Essentially there is no one setting to rule them all. At worst, a waitable swap chain with a maximum frame latency of 2 will behave as good as no waitable swap chain. A waitable swap chain with a maximum frame latency of 1 is better if the user’s machine is able to render much faster than users monitor refresh rate. If the user does not care about tearing and will not use vsync, then for borderless window full screen, a waitable swap chain is not needed at all. As mentioned before in this post, in True Immediate Independent Flip the application can present as fast as possible with no delay on throughput, which looks like this:
If the user does not care about tearing, or has an adaptive refresh rate monitor with a GPU that supports it, True Immediate Independent Flip is the best approach as it will deliver the minimum present latency. If the user cares about tearing and will turn on vsync, then the usage of a waitable swap chain might present some gains, but care must be taken in determining the maximum frame latency, as it is possible to drop the users fps with no gains in present latency (the case where we had 30 fps instead of 60 fps due to missing VBLANKs). We have also pointed out the impact of the Desktop Windows Manager on present latency and hopefully made its presence intuitive via the graphical aids created with Intel’s application. What we did not cover was the impact of frame count (the number of command allocators the CPU can build command lists into), nor the number of backbuffers available to the swap chain, and how those things impact present latency and fps. We also did not cover the notion of Triple Buffering vs a Render Ahead Queue (they are different things and are often confused with each other). Perhaps the topics left uncovered will find their way into a future blog post.
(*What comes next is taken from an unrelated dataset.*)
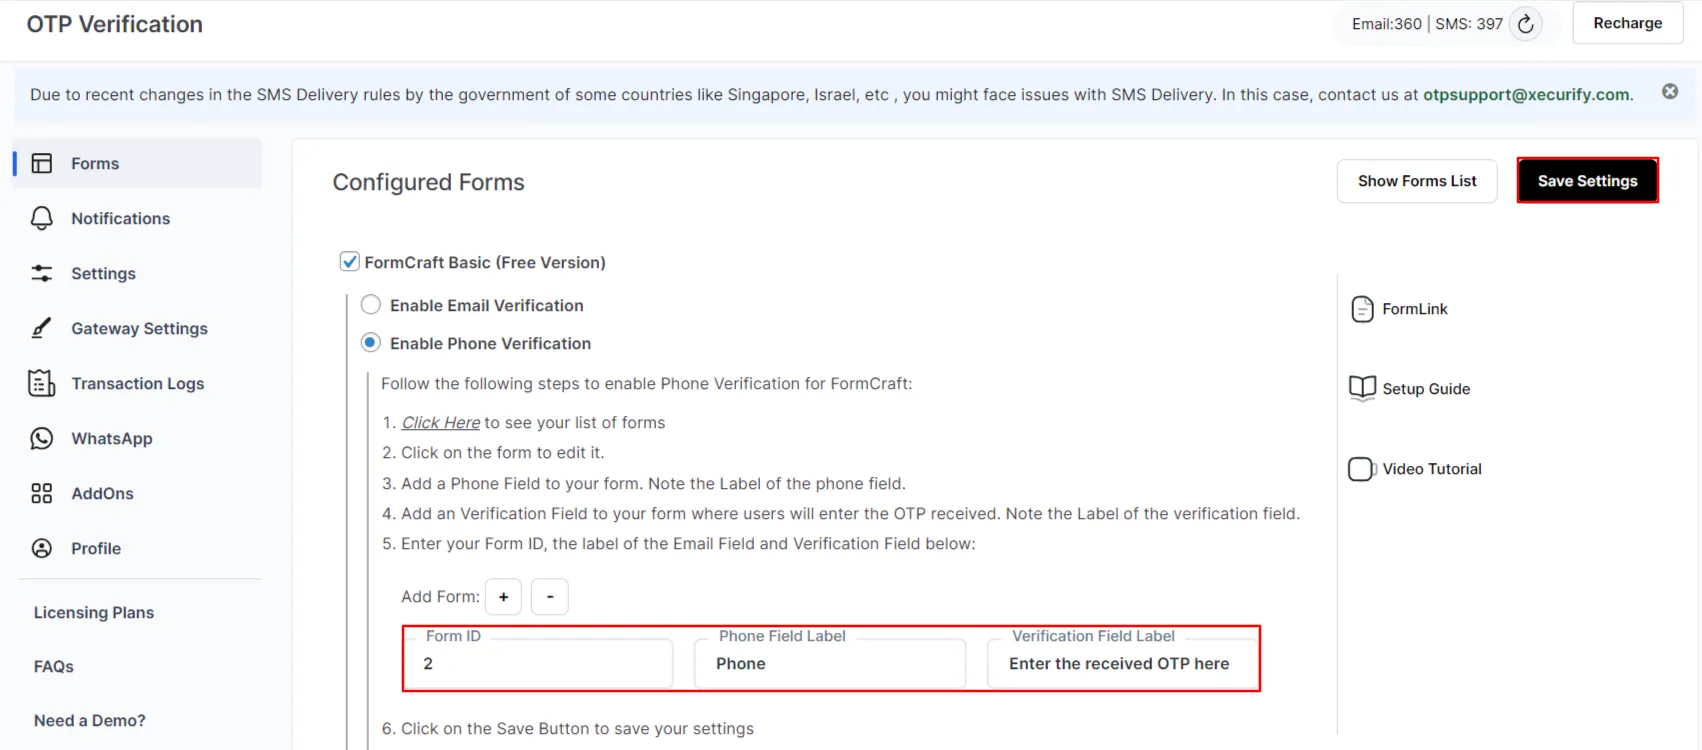 Verificación otp gratuita de formcraft básico: botón Guardar configuración

2 thoughts on “Present Latency, DWM and Waitable Swapchains”
Great article sir. It helped me a lot to better understand the DXGI (Immediate) Independent Flip model.
I know you published this long time ago, but I’ve just found it now while investigating this subject by my own and for an upcoming benchmarking of the graphical performance in different DX11 games under Fullscreen Exclusive (FSE), Win10 Fullscreen Optimizations (FSO), and Borderless Fullscreen Windowed (FSB).
Curiously, there are some DX11 games (for example, AC Odyssey) that are able to engage the “Immediate iFlip” presentation model in a borderless window fullscreen scenario while others are always kept as DWM composited. Therefore, I think that other criteria might be involved, besides the DirectX version, to be able to engage the Independent Flip model when the application covers the viewport. Perhaps, you already discovered more on this issue.
Getting flip to behave consistently in D3D11 requires knowing which of your yet-born children to sacrifice to the driver gods. There are various odd things done on the developer’s behalf to try and nudge D3D11 SwapChains onto a more efficient DWM composition path that can cause unpredictable best-case behavior for several runs followed by some other application doing something and causing the whole thing to fall to pieces.
D3D12 is ineligible for most of this tampering by Microsoft, and thus always uses the explicitly defined flip model present mode with zero attempt to use something better if available.